Farmaci in gravidanza: gravidanze insorte senza programmazione
Molte gravidanze (alcune fonti parlano di circa il 40%) insorgono senza essere state programmate dalla coppia; è quindi opportuno, nel caso di donne in età fertile, qualora debba essere intrapresa una terapia farmacologica, effettuare i controlli necessari a verificare se si è in stato interessante; se la gravidanza è confermata, ed è intenzione della donna portarla avanti, stabilire con il medico la strategia più opportuna; a seconda della condizione patologica da trattare, infatti, spesso si hanno a disposizione varie alternative farmacologiche e logica vuole che si opti per quella meno rischiosa per il feto; in alcuni casi vi potrebbe essere addirittura la possibilità di rimandare la terapia.
Farmaci in gravidanza: gravidanze programmate
Le donne che intendono programmare una gravidanza dovrebbero contattare il proprio ginecologo che indicherà le strategie più opportune per minimizzare i rischi, sia per la madre che per il futuro figlio; è per esempio buona norma sottoporsi al rubeo test per verificare se in passato si è contratta o no la rosolia, una patologia esantematica che se contratta nel corso di una gravidanza può comportare problemi di notevole gravità nel nascituro; se il test rivela che la futura madre non ha mai contratto la patologia è consigliabile vaccinarsi (in questo caso si dovranno attendere almeno tre mesi prima di provare a concepire un figlio). Per quanto riguarda in modo più specifico i farmaci, nel caso in cui ci si stia sottoponendo a una determinata terapia farmacologica (vi sono soggetti che, per esempio, devono assumere determinati farmaci vita natural durante a causa di patologie croniche; il tipico caso è rappresentato dai farmaci antiepilettici o da quelli antiasmatici o antidiabetici), lo specialista dovrà valutare se non vi sono controindicazioni particolari alla sospensione oppure se esiste la possibilità di ricorrere ad altri farmaci eventualmente meno rischiosi. Si deve poi ricordare che l’assunzione di determinati farmaci deve essere sospesa alcuni mesi prima se si intende portare avanti una gravidanza (il tipico caso è rappresentato dai retinoidi utilizzati nella terapia dell’acne cistica che possono richiedere sospensioni preventive di notevole durata).

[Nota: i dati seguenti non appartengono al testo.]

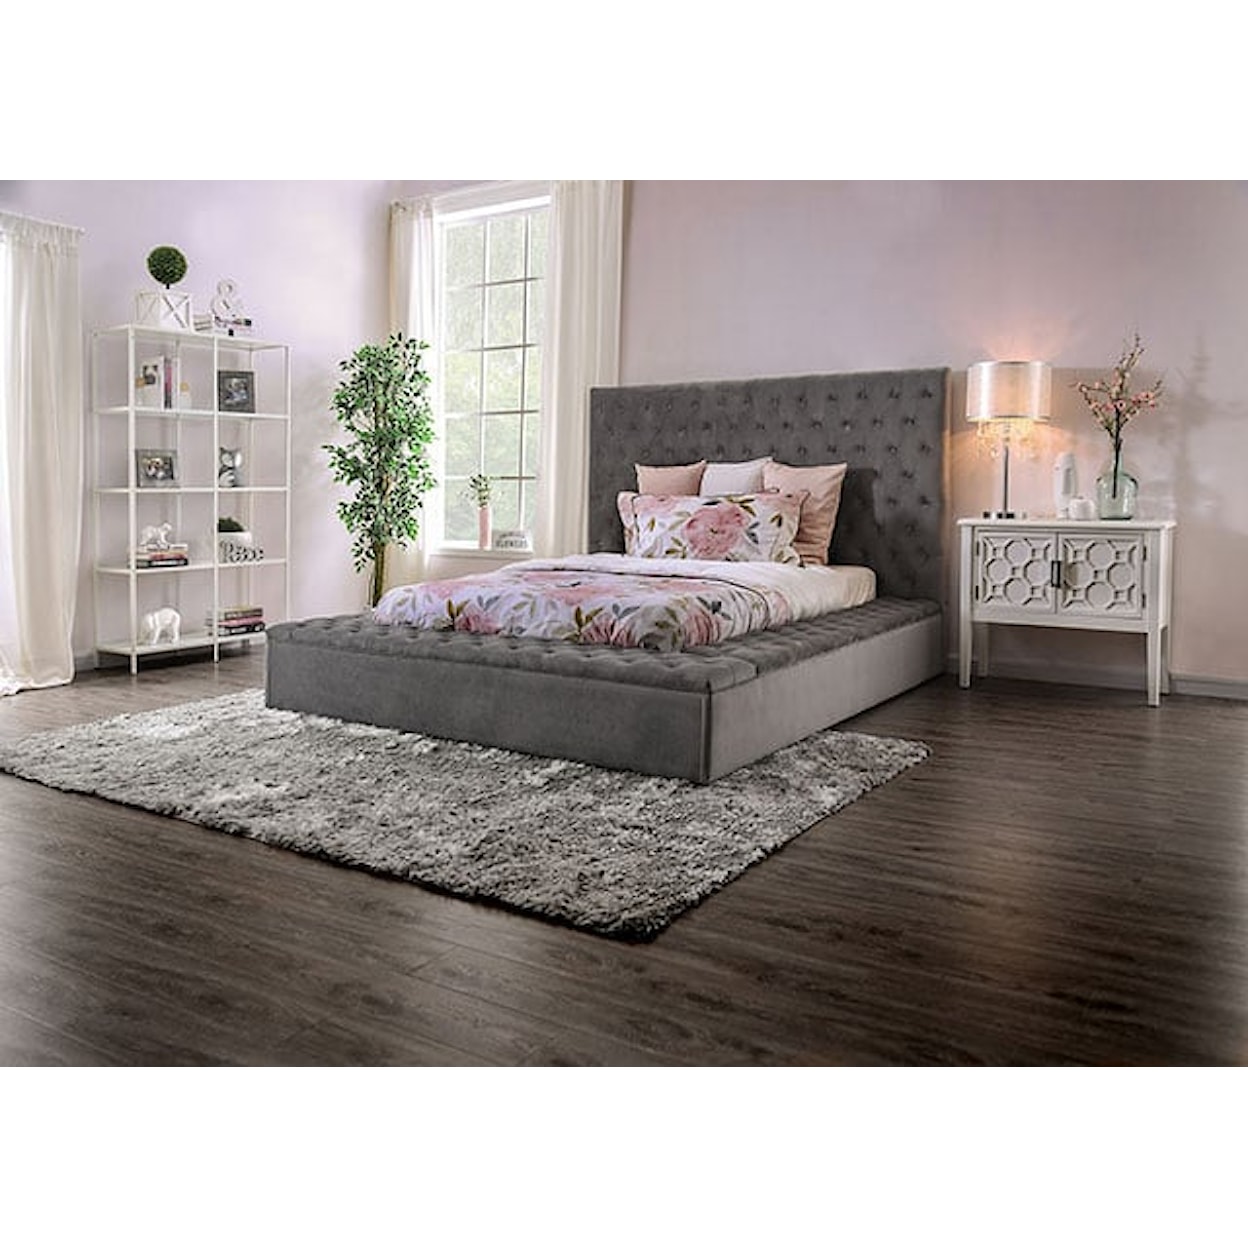 Furniture of America Golati Upholstered California King Platform Bed

I principi attivi dei farmaci assunti da una donna in gravidanza e in grado di dare malformazioni sono circa 50
Gravidanza in corso e necessità di terapia farmacologica
Nel caso di gravidanza in atto e sopraggiunta necessità di intraprendere una terapia farmacologica, l’ultima parola deve essere quella dello specialista; senz’altro vanno valutati con estrema attenzione tutti quei farmaci di nuova immissione, la cui efficacia è sì provata, ma per i quali non è ancora disponibile una mole di studi sufficiente per dimostrare la loro innocuità nell’assunzione da parte di donne in stato interessante.
Gravidanza e acido folico: un farmaco senza controindicazioni
L’acido folico (altresì noto come vitamina B9 è un farmaco che non solo non è controindicato nelle donne che programmano una gravidanza, ma addirittura è consigliato (è sufficiente un dosaggio di 0,4 mg al giorno); è infatti scientificamente accertato che l’acido folico è una sostanza che favorisce la fertilità, aiuta sia prima sia durante la gravidanza ed è consigliato durante il periodo dell’allattamento.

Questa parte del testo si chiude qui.